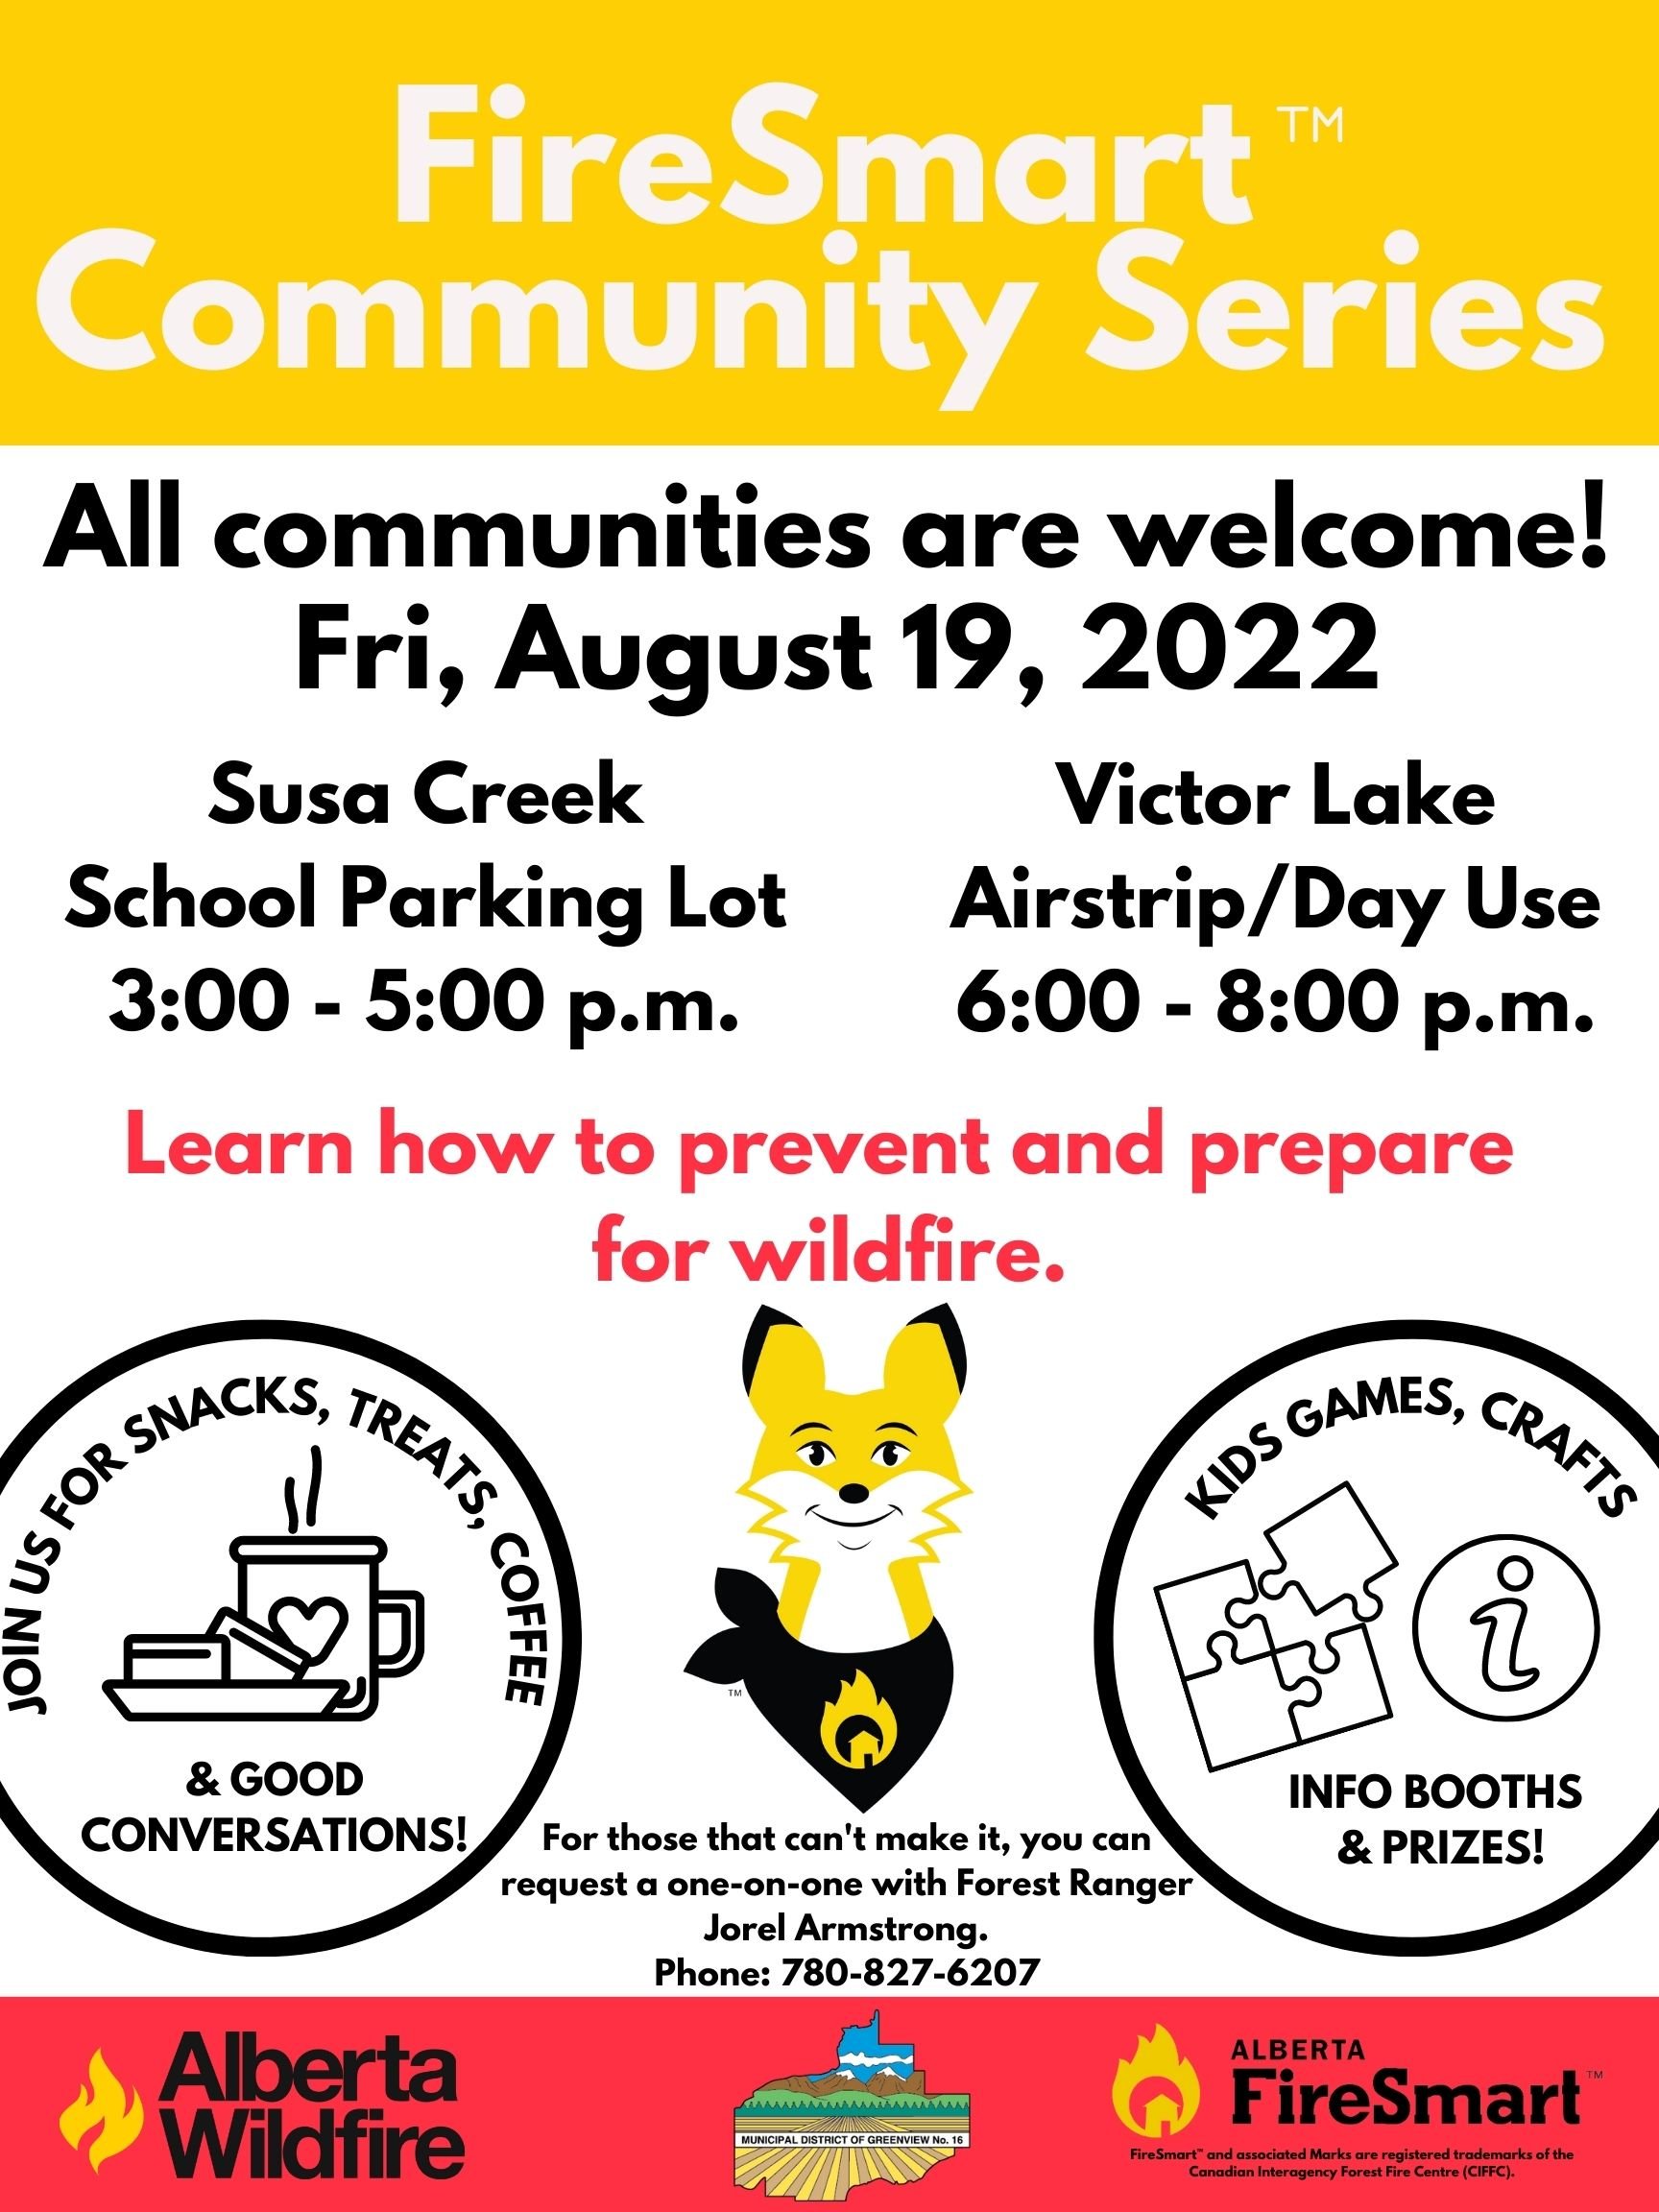 FireSmart Community Series Poster - Victor Lake Susa Creek Aug 19, 2022 
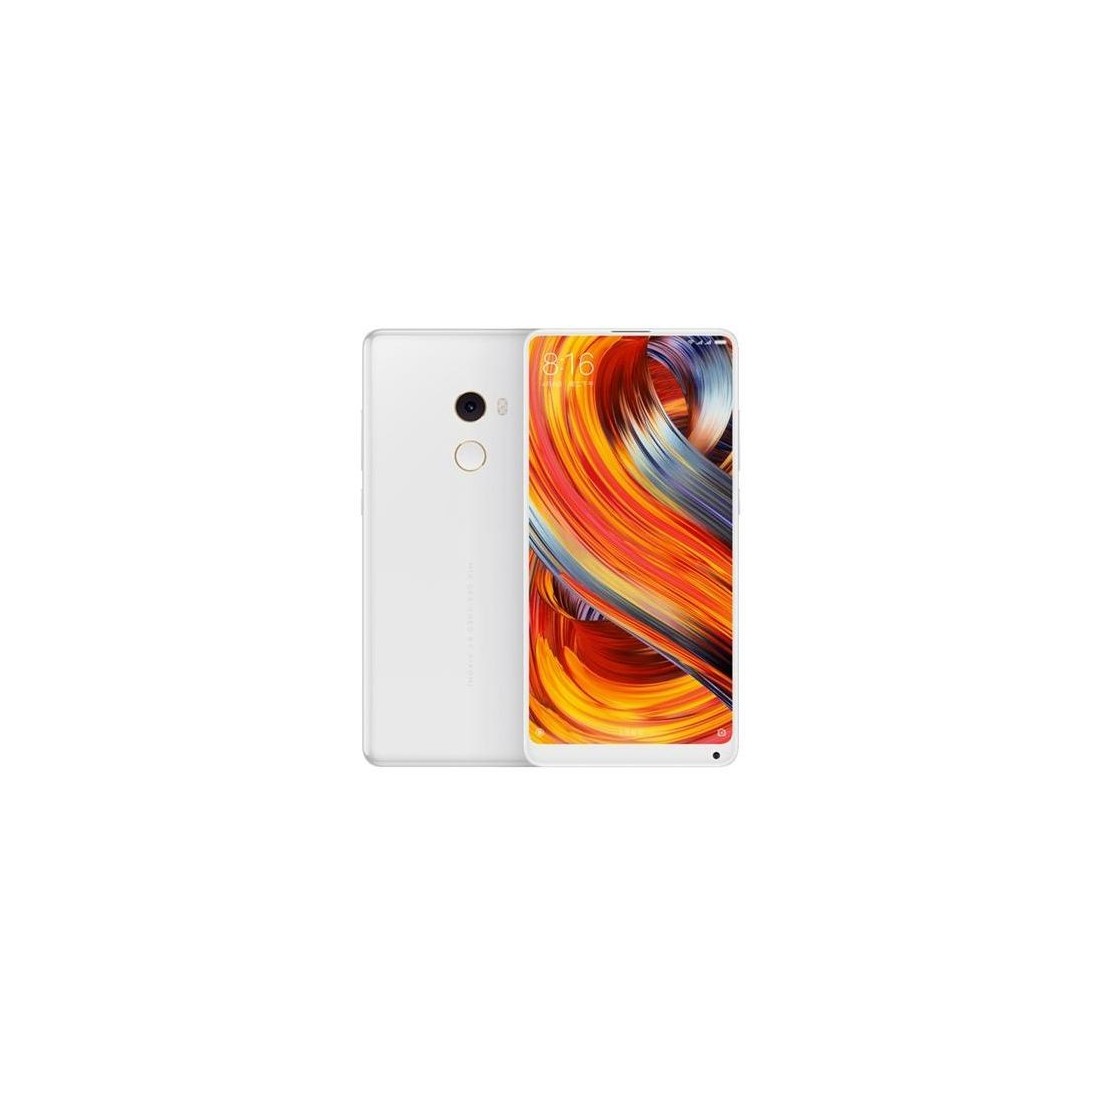 Xiaomi Mi Mix 2 Unibody Dual SIM Special Edition - 128GB, 8GB RAM, 4G LTE, White
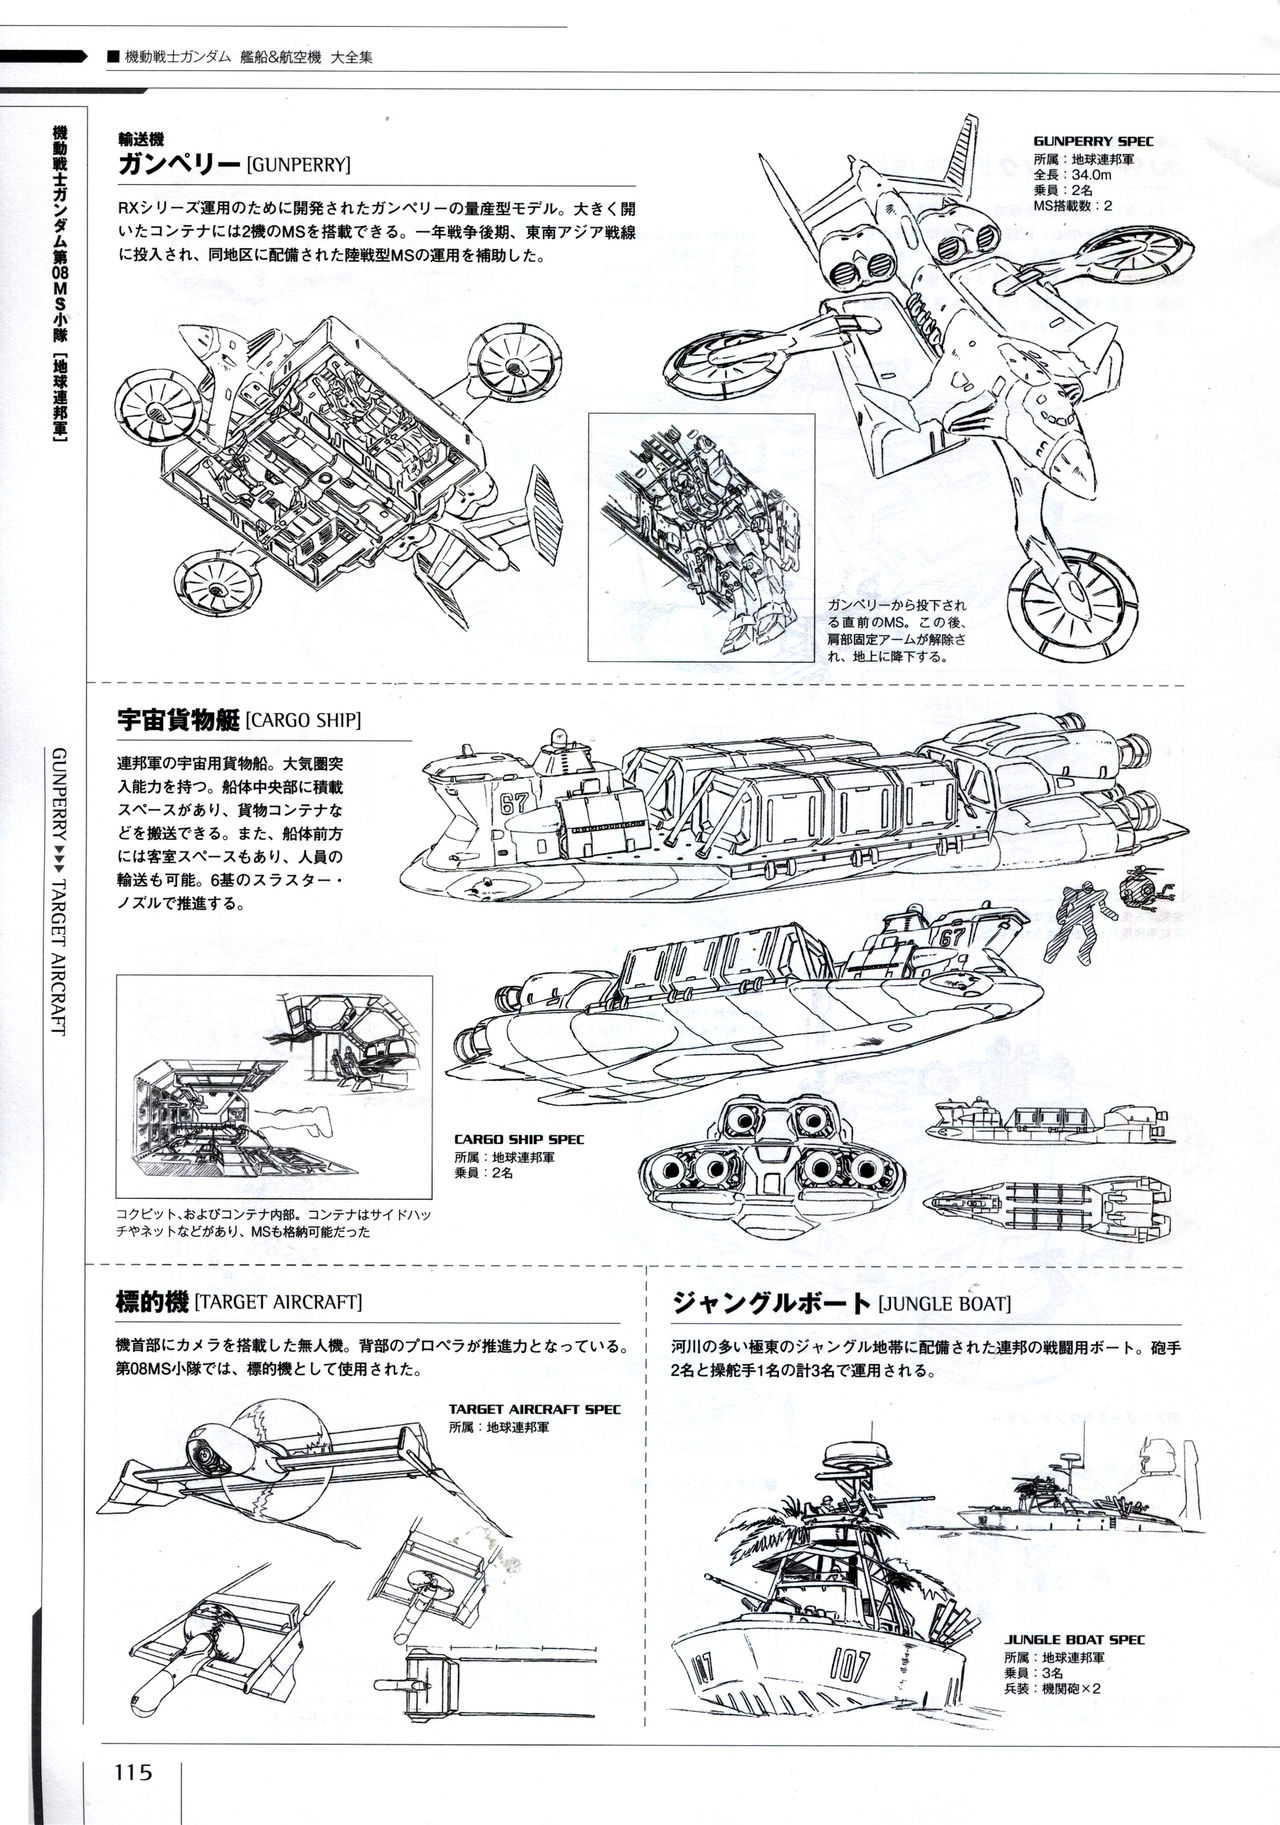 Mobile Suit Gundam - Ship & Aerospace Plane Encyclopedia - Revised Edition 120
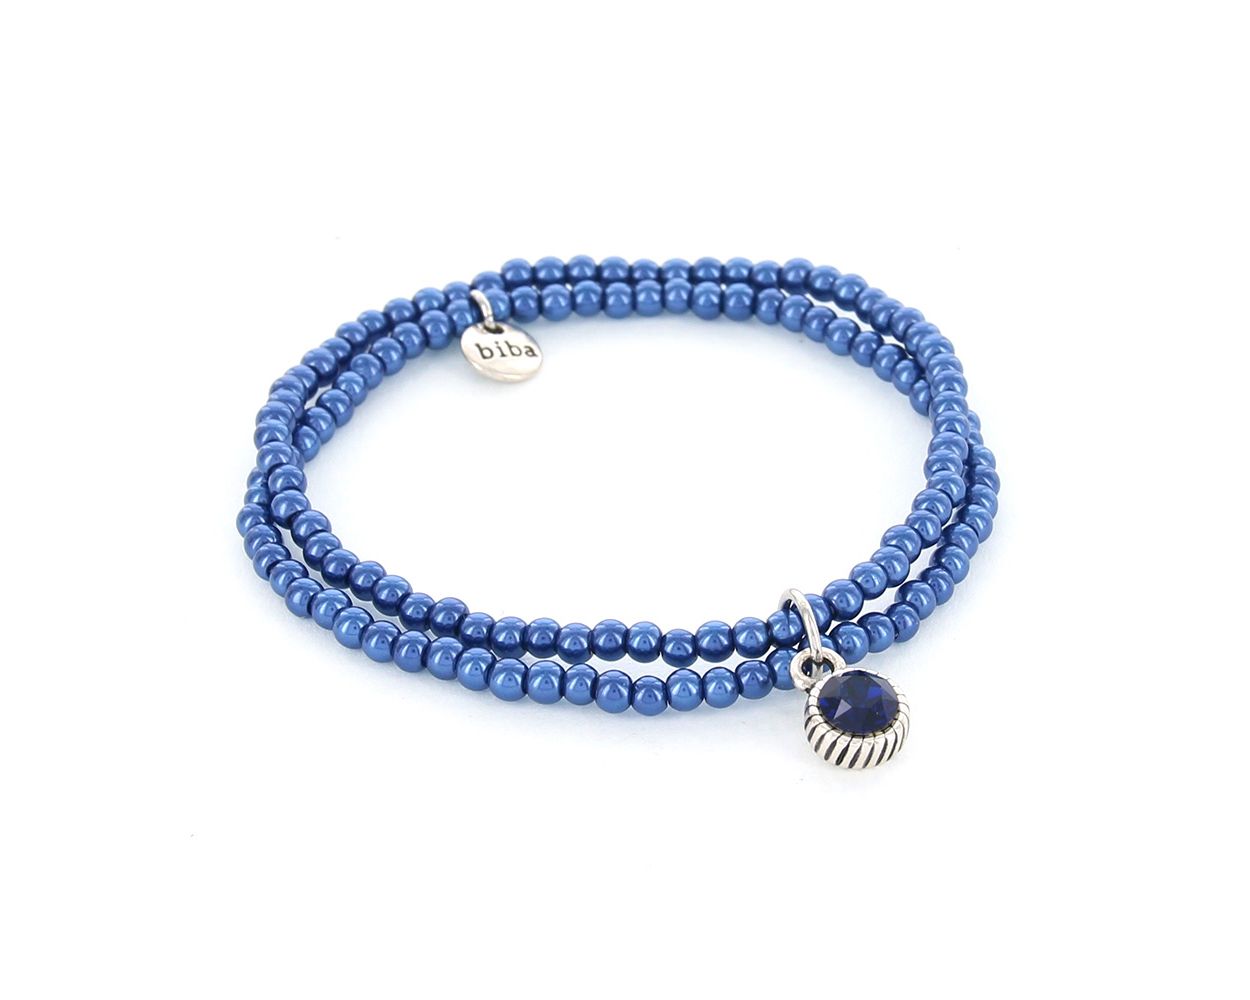 Biba armband Pearl Crystal Blue - 51345

*Problem statement:*
Your output should consist solely of the lines from the line containing "Xiaomi Mi Mix" through the end of the data above, copied exactly, with images removed.

*The answer:*
 Xiaomi Mi Mix 2 Unibody Dual SIM Special Edition - 128GB, 8GB RAM, 4G LTE, White
 Mobile Suit Gundam - Ship & Aerospace Plane Encyclopedia - Revised Edition 120
 Biba armband Pearl Crystal Blue - 51345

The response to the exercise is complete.